# Record extracts
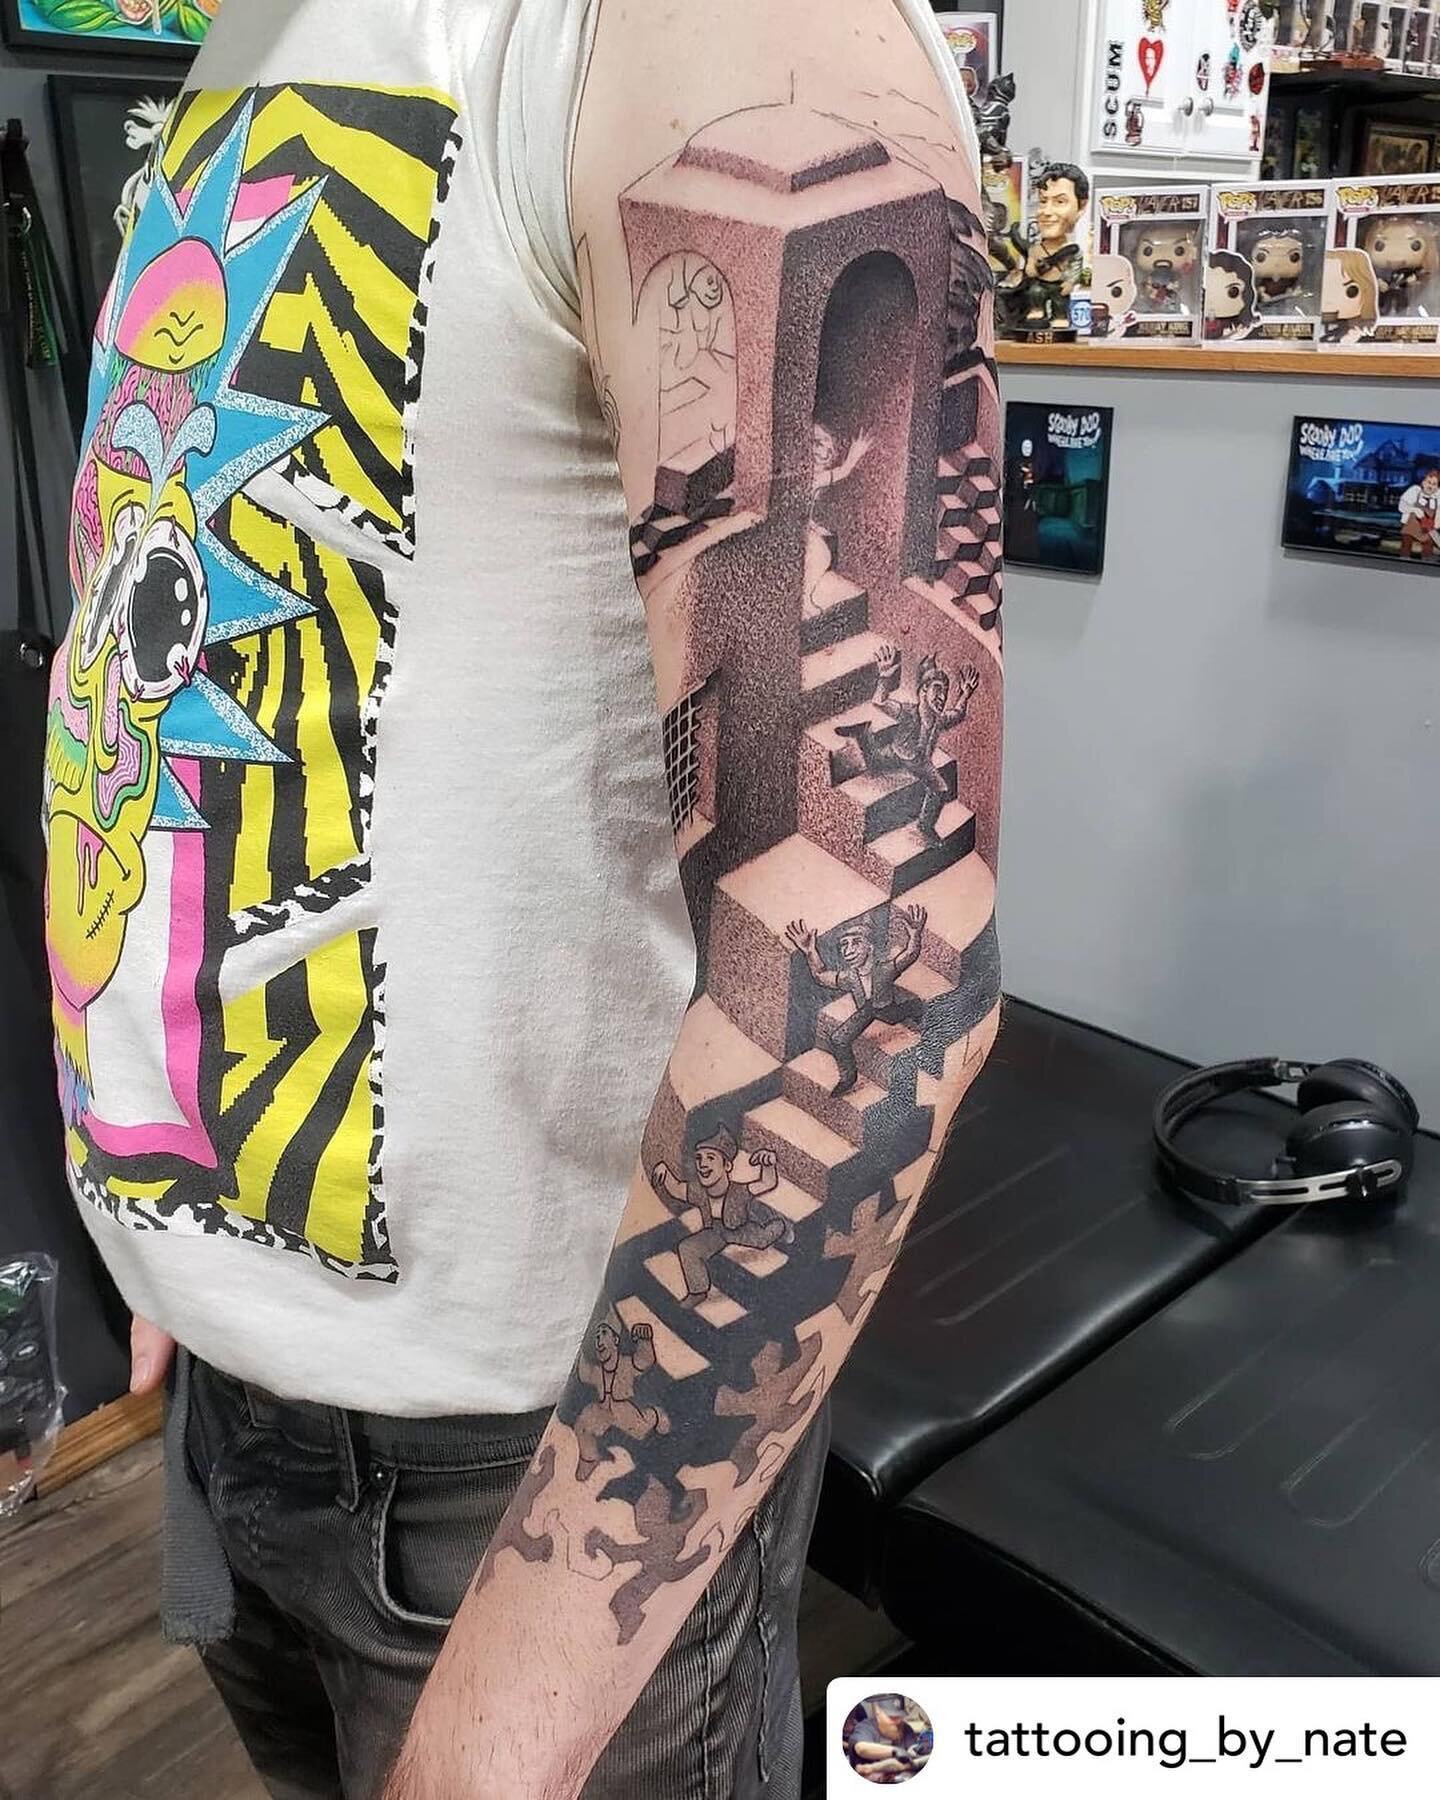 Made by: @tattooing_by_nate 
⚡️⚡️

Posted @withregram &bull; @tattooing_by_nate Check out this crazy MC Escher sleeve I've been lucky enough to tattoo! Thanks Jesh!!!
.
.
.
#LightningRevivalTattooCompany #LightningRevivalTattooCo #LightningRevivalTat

# What is being asked
Give the records again exactly, minus the pictures.

# Task solution
 Made by: @tattooing_by_nate 
⚡️⚡️

Posted @withregram &bull; @tattooing_by_nate Check out this crazy MC Escher sleeve I've been lucky enough to tattoo! Thanks Jesh!!!
.
.
.
#LightningRevivalTattooCompany #LightningRevivalTattooCo #LightningRevivalTat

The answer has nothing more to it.